Stubborn. That was familiar.

- As I said you can try.

- Just fucking tell me already!

Swearing eh? All right then.

- Well maybe Brown could tickle him under the belt. He always copes like that and he looked quite fascinated with her earlier.

There, done.

- PIG.

Draco chuckled. He didn't know if her short answer was amused or really insulting but he knew for a fact that when she was angry she had a tendency to speak way too many words. So maybe she'd found it funny.

- Who? Me or him?

- The both of you. You can't cure everything by shagging.

Shagging? Not so uptight after all. If it wasn't for the certainty that his magic worked he would have thought someone else was writing.

- Shagging? I never used such a dirty word Granger. I said tickle. Here I thought Gryffindors were all pure. My mistake.

- Never presume anything about a Gryffindor Malfoy, you might find yourself badly surprised.

- I'll keep that in mind then. And the fact that, how did you say? The "bushy-haired book-worm" has a dirty mind. Seriously, just keep him company, let him annoy you a bit and it'll be fine until I'm back.

- I don't! Wipe that off of your little skull! All right, if he tries to kill us I'll have you arrested for accomplice in attempt murder on a ministry official.

- Never. Fair enough.

He sent it and sensed this was the end of their surprisingly not so unpleasant little banter. But, as a faint smile still stole his lips he decided he had something to add.

- Thank you Granger.

No one would believe her anyway and she was the only one that could read it. He still regretted it as soon as the words disappeared from the page. He knew she'd read it. And as if she didn't believe it or if she knew he would feel bad about writing this, she had the decency not to answer.

Draco walked back slowly to the lift. This had been … strange but not unpleasant. After the terrible nightmare he'd had the night before he'd thought he would never be able to look at her in the eyes again, let alone speak to her. He'd thought it would be really weird to have to work with her. But writing to her had just been easy. She was quick to answer and witty and while he wrote he forgot who was reading the other piece of parchment. Maybe this was the way to keep being civil without struggle, without actually having to bear the sight of her empty and desperate eyes. Maybe. Draco arrived at Potter's office to find the door open and a strong hubbub going on. Potter had guests. A lot of guests.


They were only at half that horrific register when Zabini finally emerged from his bedroom to the library. He looked dishevelled and like he needed a shower but Hermione wasn't about to comment on that. Not when he actually came in looking quite guilty and torn. He sat at the end of the small table, where Lavender and Hermione were working face to face.

"I slept." He said. Hermione thought it was his way to apologize and get to work and accepted it with a faint smile and a nod. Lavender would be harder to convince though, she scowled and answered coolly:

"You mean I'm sorry I was a stubborn drunk-head earlier, right?" He looked at her coolly too but his eyes were not really angry, and Hermione guessed that he really felt better.

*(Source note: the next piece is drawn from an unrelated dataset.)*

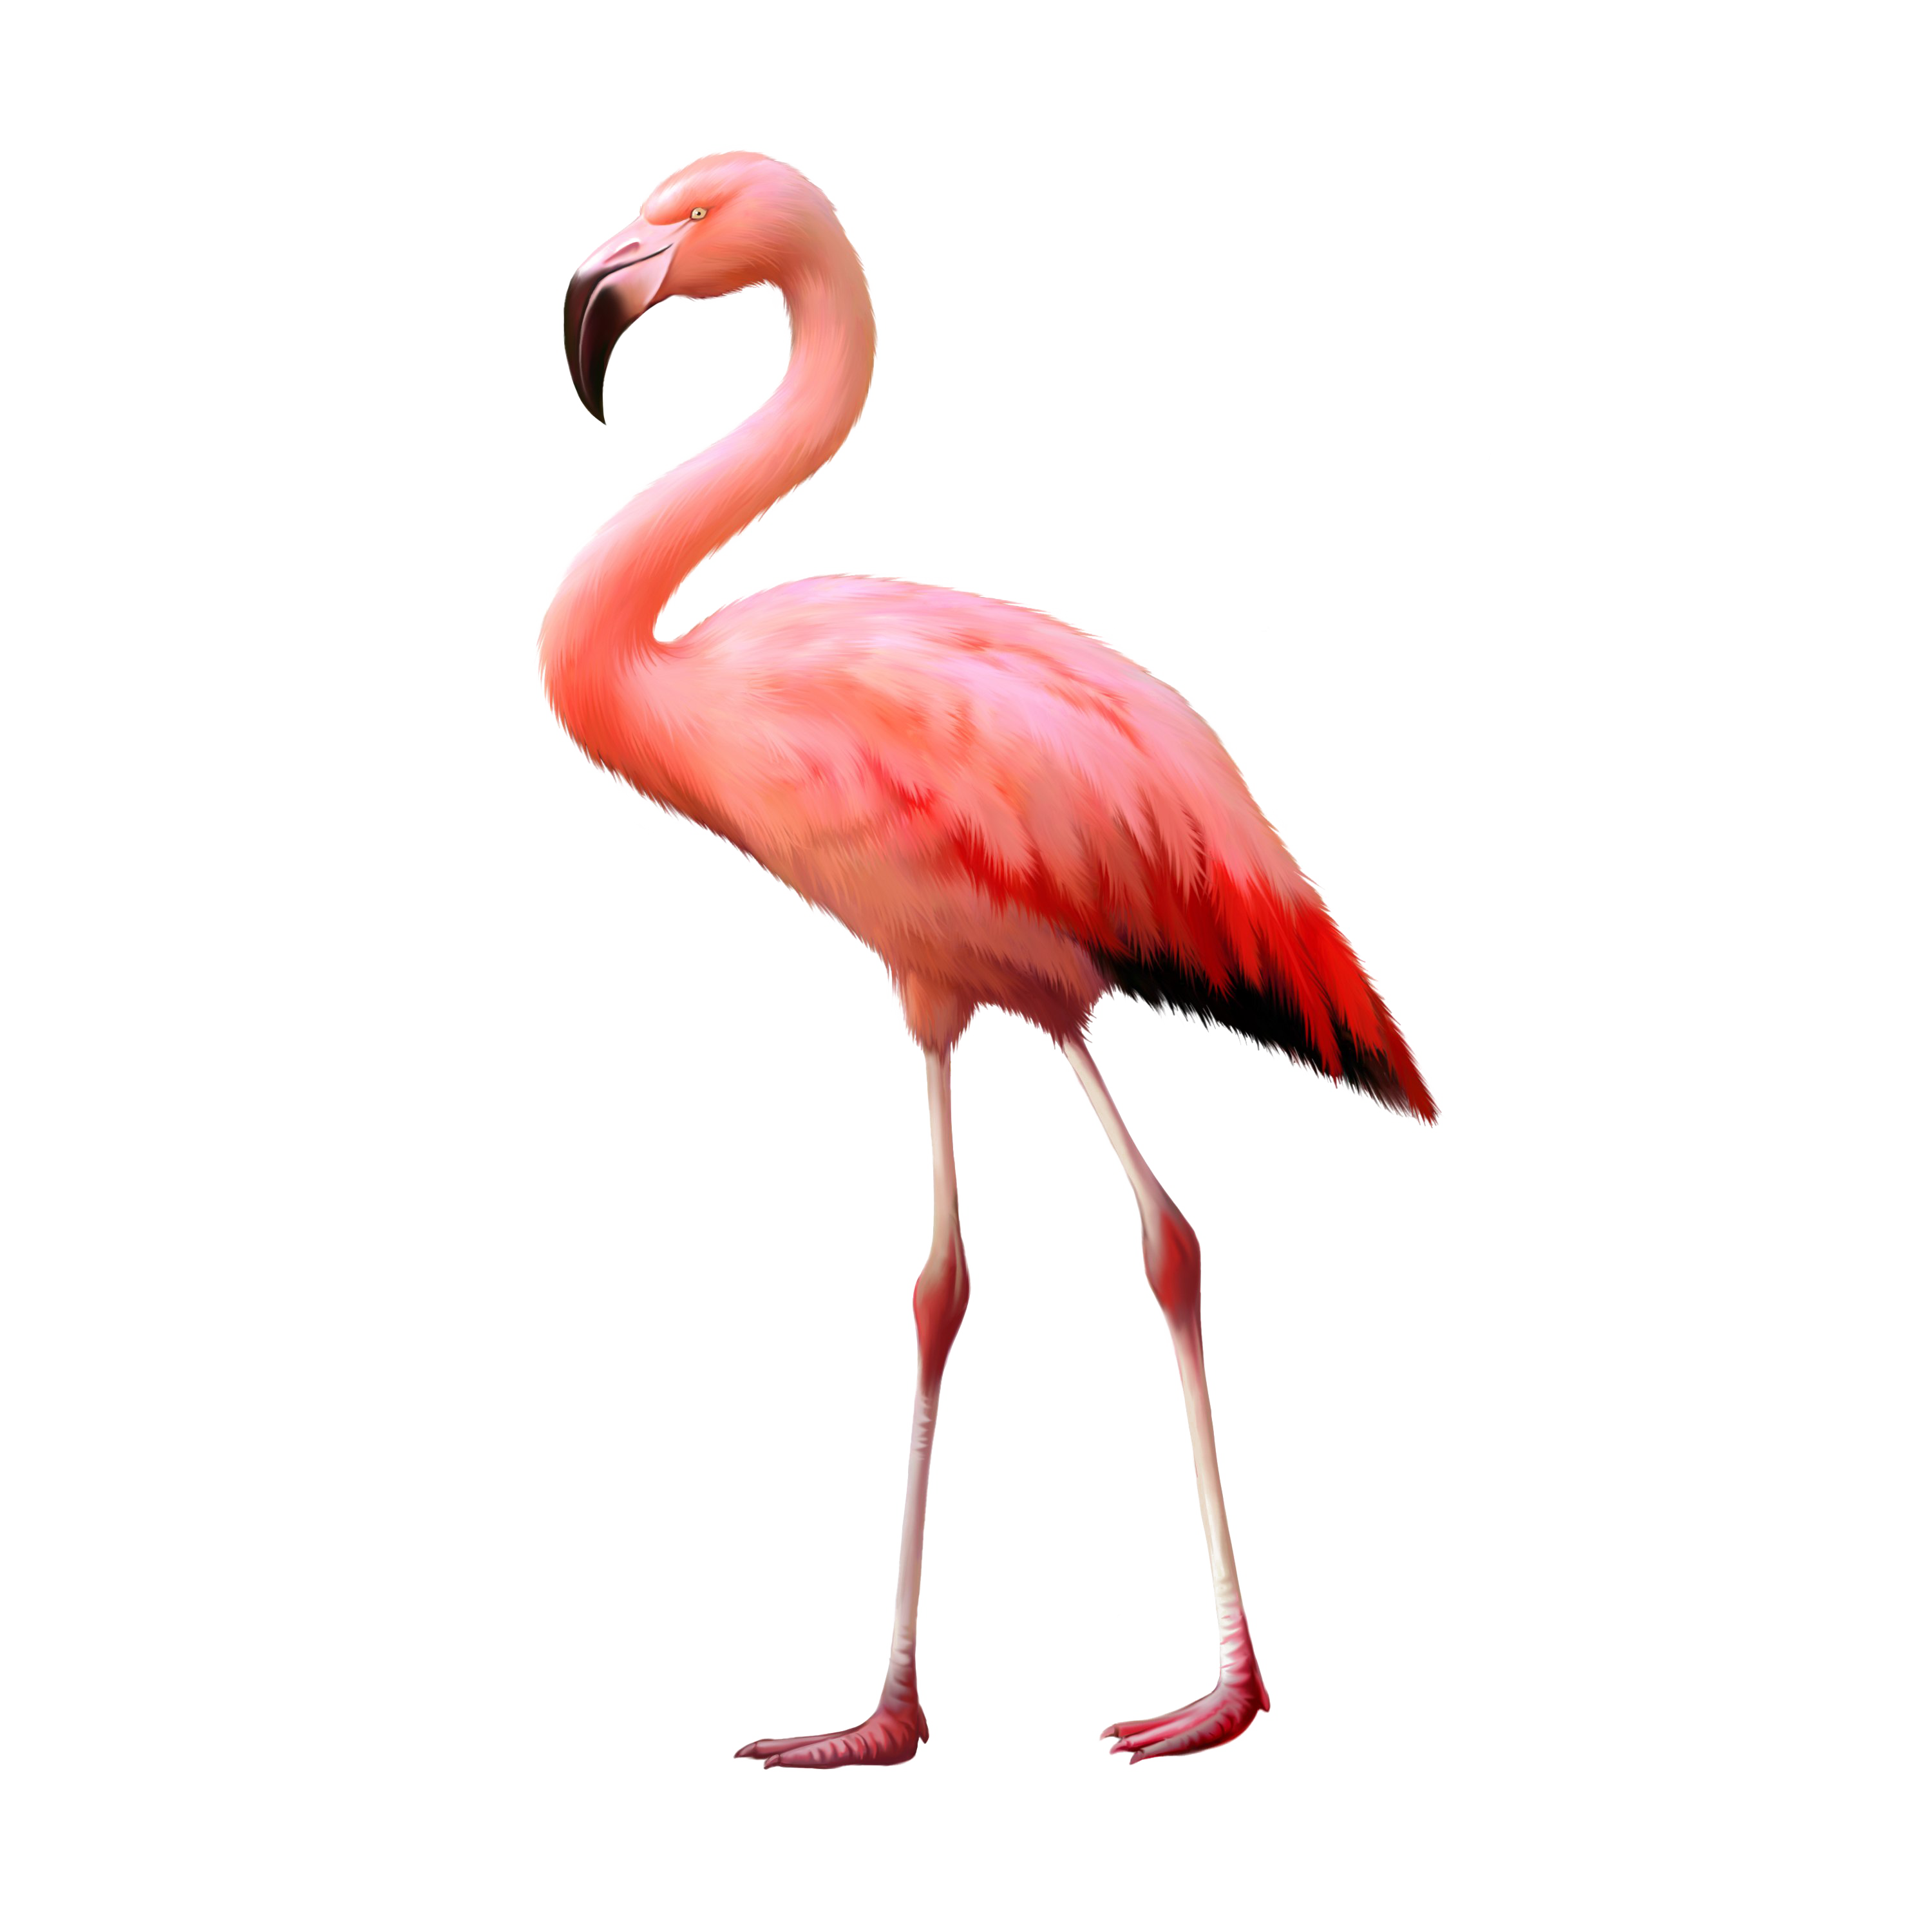 Flamingo PNG Background Image

"Don't push it Bl … Brown." He said and Hermione saw a hint of a smile on both their faces.

"Ready to work then?"

"Yes." And Lavender gave him the next pile of pages from the register.

This really felt strange, Hermione needed to talk to Lavender about it. Had it just looked like they shared some private joke? Shaking her head she went back to work but her pocket started to get a bit too warm. Malfoy. She felt strangely eager to read what he'd written to her. Their precedent talk had been … like a foreign territory. After his apologies the night before, and his considerate question, she felt like he really wanted to try and play civil. And he'd said thank you. It was certainly the first time in his life he was saying it. Well, there was no possible witness, maybe he was just trying to get even with her for the night before. Otherwise his words on paper had been mockingly joking, but had lacked the usual cruelty or bullying tone. It had been, for the lack of better word, almost friendly. And a bit disgusting. Hermione hadn't told Lavender about his tickling suggestion. She'd thought Lavender would probably bite his hand off for that kind of joke, but now she was starting to believe Lavender might respond totally differently to the dirty suggestion. Yuk.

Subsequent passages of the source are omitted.